Records drawn from a dataset:
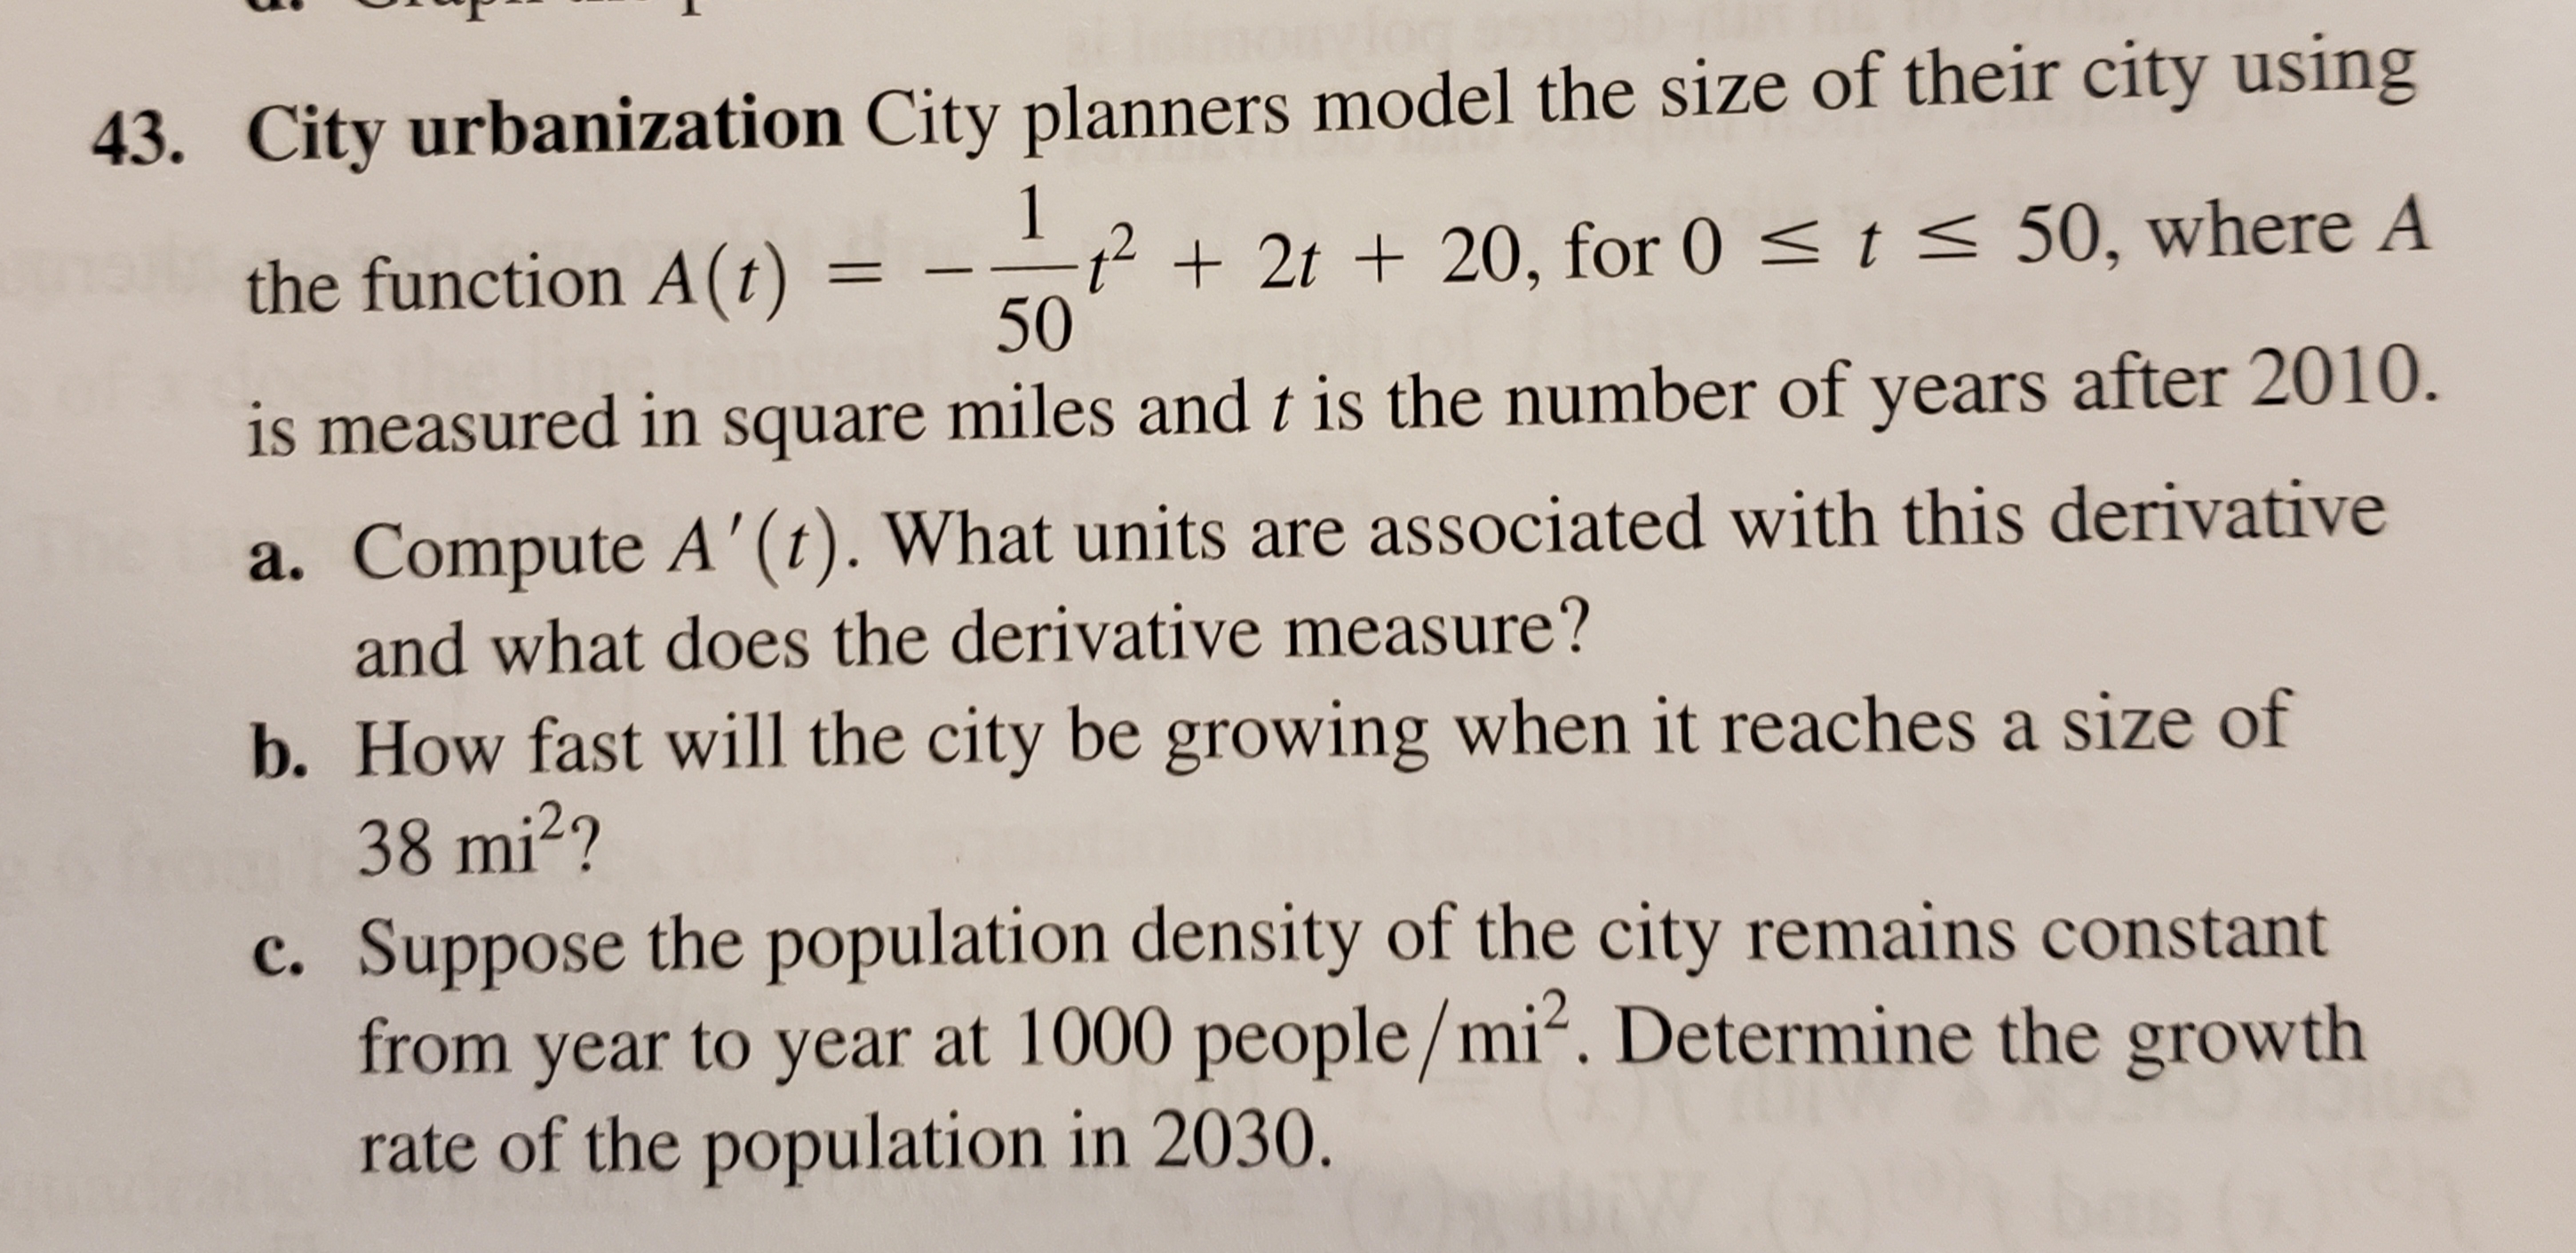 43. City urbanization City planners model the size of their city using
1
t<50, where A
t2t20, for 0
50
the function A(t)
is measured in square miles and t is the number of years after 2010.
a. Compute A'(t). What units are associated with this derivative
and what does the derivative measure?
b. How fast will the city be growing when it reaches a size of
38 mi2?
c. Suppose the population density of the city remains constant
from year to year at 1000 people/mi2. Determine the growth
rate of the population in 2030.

(Task instructions) Using the entries above, tally every line that holds the word "derivative". Answer with that number only.

(Task response) 2